* **INPUT DATA**

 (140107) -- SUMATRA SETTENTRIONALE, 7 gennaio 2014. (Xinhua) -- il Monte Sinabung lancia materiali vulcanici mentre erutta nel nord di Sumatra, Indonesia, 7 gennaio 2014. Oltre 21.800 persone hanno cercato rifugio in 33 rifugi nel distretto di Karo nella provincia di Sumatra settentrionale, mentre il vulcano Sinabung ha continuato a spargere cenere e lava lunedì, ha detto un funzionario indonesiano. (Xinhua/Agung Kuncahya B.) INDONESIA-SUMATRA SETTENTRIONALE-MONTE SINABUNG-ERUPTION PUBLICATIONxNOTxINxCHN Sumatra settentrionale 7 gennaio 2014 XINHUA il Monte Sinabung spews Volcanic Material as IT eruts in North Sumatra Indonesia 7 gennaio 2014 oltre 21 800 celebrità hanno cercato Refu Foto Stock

* * *

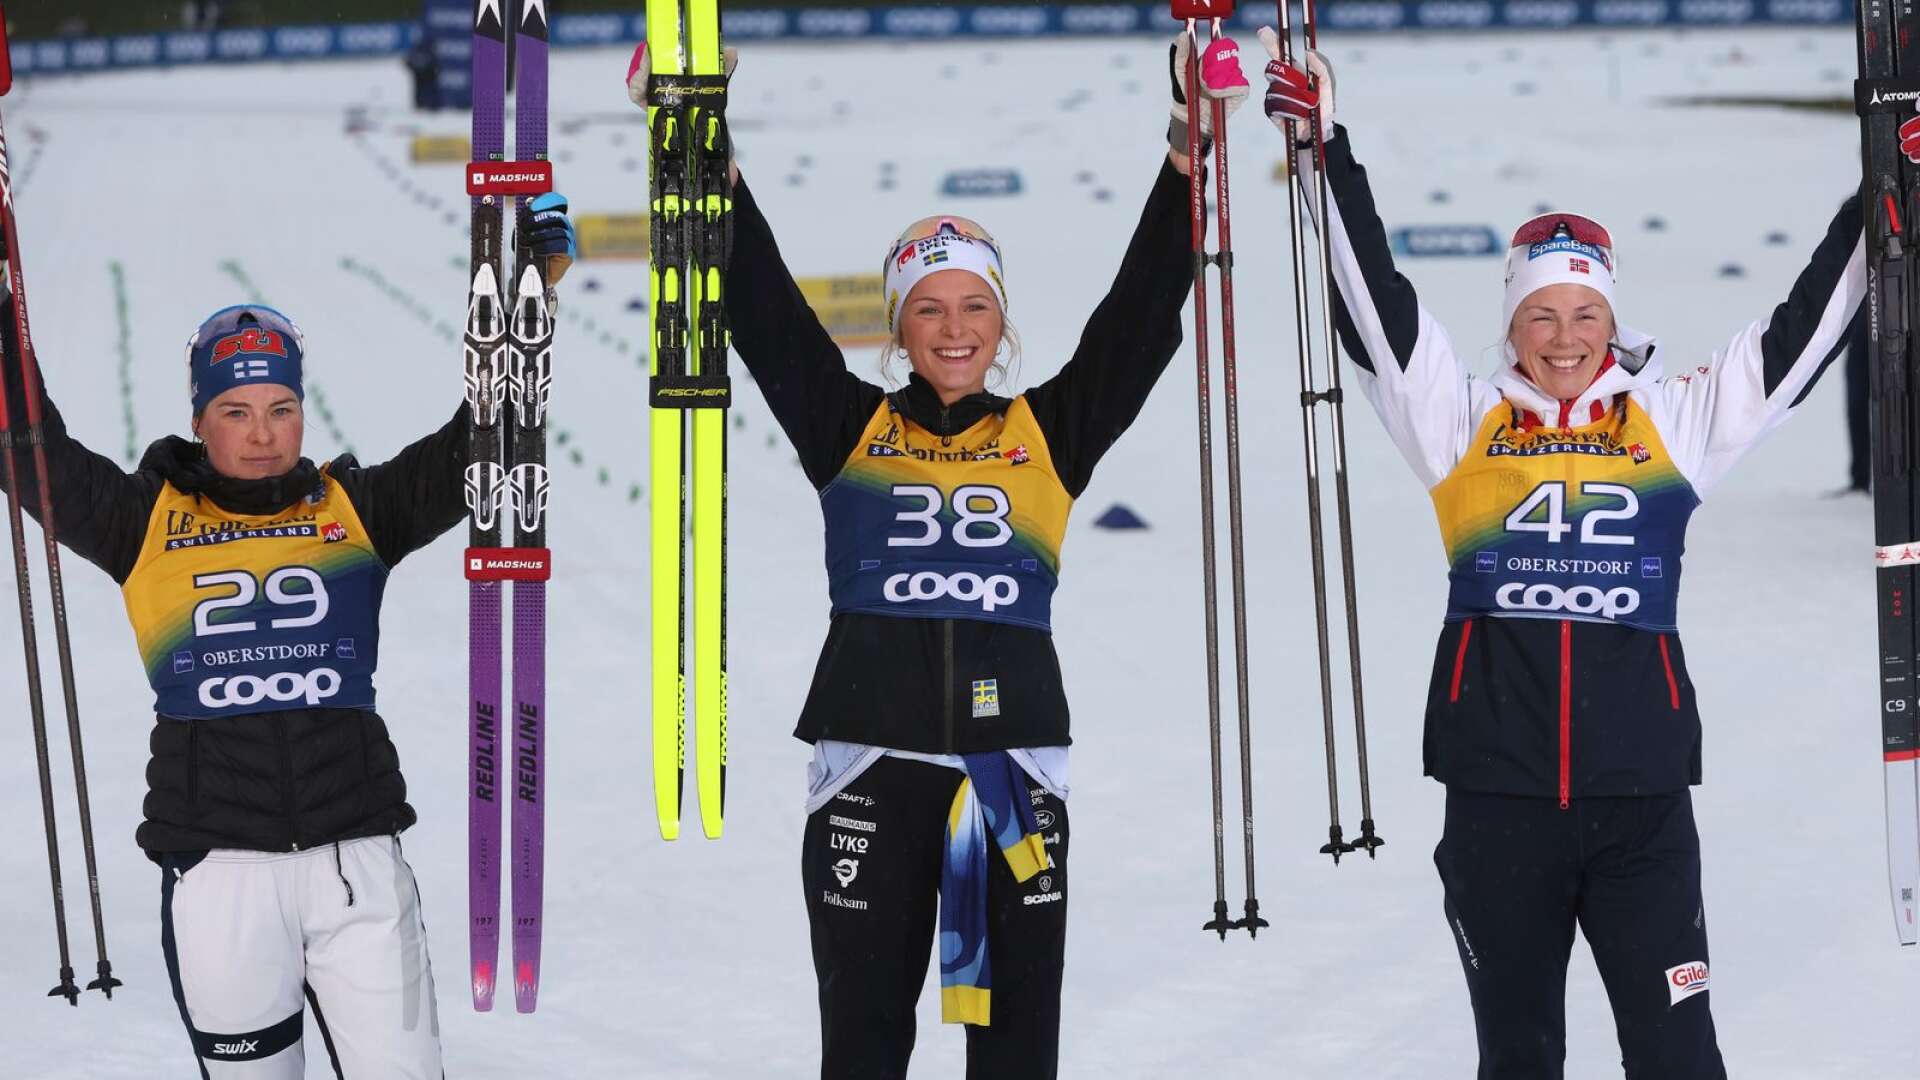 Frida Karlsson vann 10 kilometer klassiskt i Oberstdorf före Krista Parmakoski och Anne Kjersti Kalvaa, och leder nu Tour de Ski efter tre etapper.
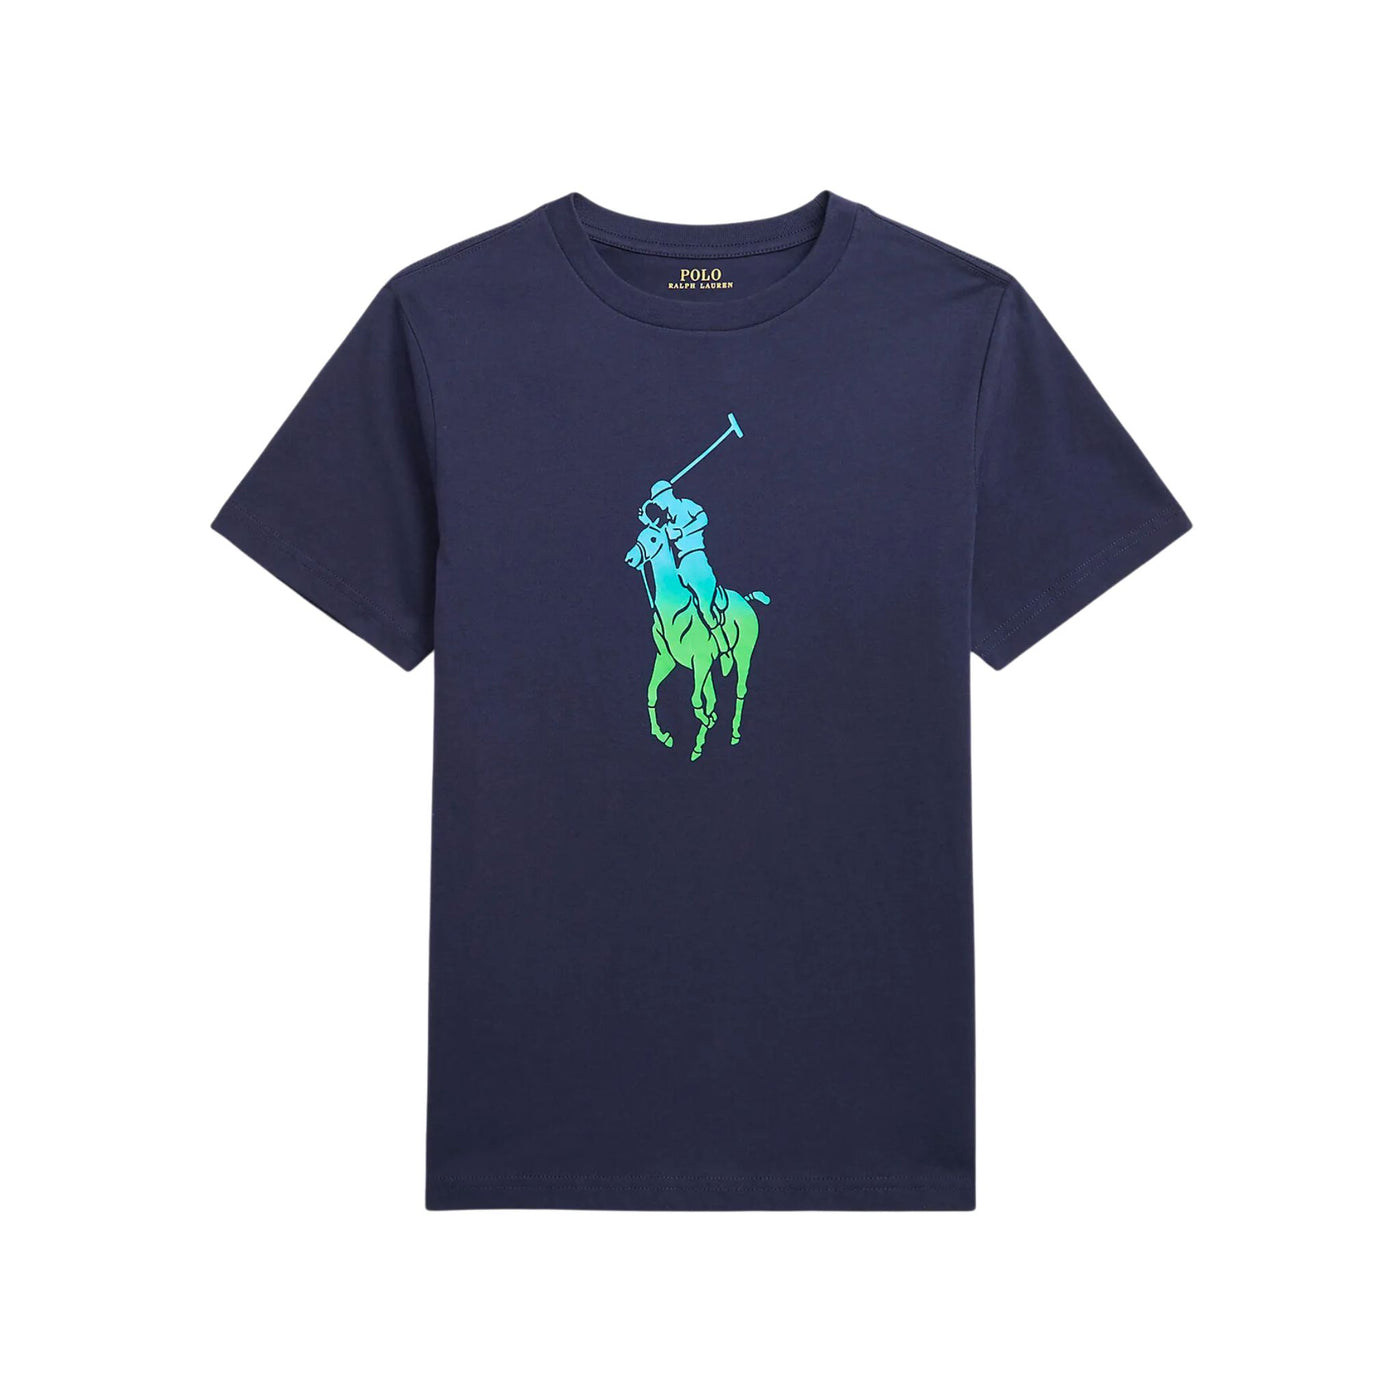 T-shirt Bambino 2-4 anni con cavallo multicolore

* **WORK REQUIRED**
Given the entries above, transcribe exactly the lines from the one holding "Frida Karlsson vann" through the one holding "T-shirt Bambino 2-4"; pictures do not belong in the transcription.

* **OUTPUT OF THE TASK**
 Frida Karlsson vann 10 kilometer klassiskt i Oberstdorf före Krista Parmakoski och Anne Kjersti Kalvaa, och leder nu Tour de Ski efter tre etapper.
 T-shirt Bambino 2-4 anni con cavallo multicolore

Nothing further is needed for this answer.